Кому это смешно? Мне там ничего смешным не кажется.
Смешно, когда человек повелевает миром, считая, что он бессмертен. По определению Канта что смешно? Ожидание, вылившееся в ничто. Построение коммунизма в России – это ожидание, вылившееся в ничто. Жизнь Ленина – это ожидание, вылившееся в ничто. Абсолютно кантовская формула комического.
О чем плачет Ленин в вашем сценарии?
Его смерть была страшная, и эта смерть его отличает от Сталина. Она отчасти облагораживает Ильича, потому что он очень сильно страдал. Физически и духовно, безусловно. Есть воспоминания охранника Горок с начала 1924 года, то есть незадолго до его смерти. Ночь, значит, полнолуние, и вдруг охранник слышит: кто-то воет на луну нечеловеческим голосом. У охранника кровь в жилах оледенела. В этом вое был ужас, нечто звериное, но и нечто человеческое. А это Ленин в каталке выл. Сидит закутанный, как шар, как снеговик, и воет. Может быть, это легенда, такая же как «Надя, скажи Лёве – отравили».
Имеется в виду Троцкий?
Троцкий, да. Они же заключили пакт между собой о том, как свалить Сталина. Это как бы последнее разумное действие Ленина перед забытьем.
А Троцкий бывал у него в Горках?
Да, Троцкий бывал в Горках в 1924 году. Он с тяжелым отравлением – по-видимому, после сталинского отравления – лечился на водах. Но самое интересное, что он выжидал – видимо, сам тоже думал, встанет Ленин или нет. Один он эту кампанию против Сталина не мог затевать, ждал Ленина. Только когда Ленин умер, он спохватился, но уже было поздно – Сталин подтянул за два года все рычаги управления к себе, и Троцкий проиграл. Так вот, воющий на луну Ленин, если даже это выдумка, это хороший образ – и литературный, и отображающий ту катастрофу, которая, собственно, случилась. И другой апокриф: «Мы, конечно же, проиграли. Пролетариат в России оказался ленивым, нелюбопытным, тупым». Был нужен откат к буржуазной экономике, чтобы воспитать тот культурный пролетариат, который по максимуму сможет взять на себя управление государством. Разве не смешно? Лето 1917 года, Ленин пишет свою последнюю работу «Государство и революция». Вся работа о том, что государство должно отмереть в эпоху пролетариата. Вот существует кратковременный исторический слом царской государственной машины, для этого нужна диктатура пролетариата, а потом государством сможет управлять любая кухарка. Но это для Ильича скорее поэтический образ. Не совсем он имел в виду самоуправление. Почему он так анархизмом интересовался? У него же было несколько встреч с Кропоткиным – посмотрите его дневники – уже незадолго до тяжелого инсульта. Он очень интересовался идеей самоуправления. Ну смешно же – написать о крахе государства как главной цели и заложить основы тоталитарного государства, собственно говоря, небывалого для России. Было такое во времена Ивана Грозного, но это все-таки не тот масштаб. А здесь фантастически комический результат. И трагический.

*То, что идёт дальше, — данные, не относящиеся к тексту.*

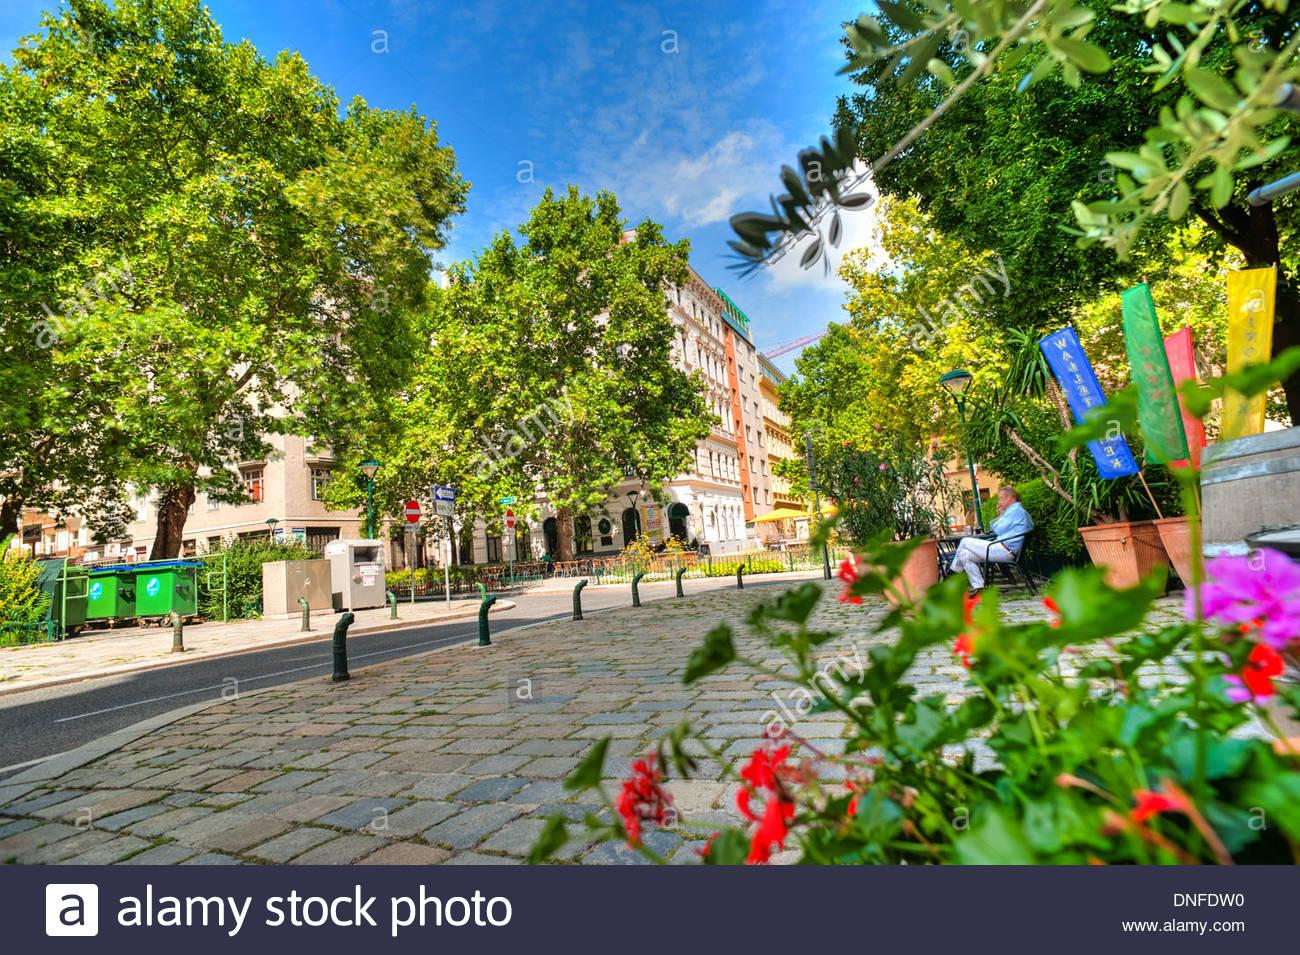 Wien, grüne Gasse, Vienna, Green Alley - Stock Image

Почему, как вы думаете, больной Ленин в последний период жизни так и норовил целовать руки крестьянам и вообще был склонен прослезиться и попросить прощения?
Ну, это приближение конца.
Вы же говорили, что он не думал о смерти.
Пока все тело ему служило, он не думал. Но как только body начало ему отказывать, я думаю, что-то родилось. Он в этом плане был человек широкий, у него были симпатичные черты. Сохранился такой рассказ. Ехал он, значит, на автомобиле с шофером в Горки, и машина завязла на мосту через речку – бревна деревянные разъехались, колесо застряло, и все. Там стоял какойто мужик, и Ленин его спросил: «Можете починить?» Тот говорит: «Да кто же будет чинить? Власть-то у нас, извините за выражение, советская». Ленин расхохотался и потом несколько раз на заседании Совнаркома говорил: «Власть у нас, извините за выражение, советская». В нем была широта, которой Сталин был лишен. В нем были остатки высокой дворянской культуры, которые что-то ему все-таки о мире говорили. Понятие бога они отсекли, но у него был юмор некровавый, довольно забавный. Анненков одну его остроту передал. Качается Ленин на качелях и говорит: «Вредное развлечение – вперед-назад, вперед-назад. А надо – вперед, вперед, вперед...» (Смеются.) Все – ха-ха-ха, и он – ха-ха-ха. В нем были эти человеческие черты, но, конечно, легкомыслие его не имеет границ.
Вы каким-то образом связываете его легкомыслие с недуманием о смерти?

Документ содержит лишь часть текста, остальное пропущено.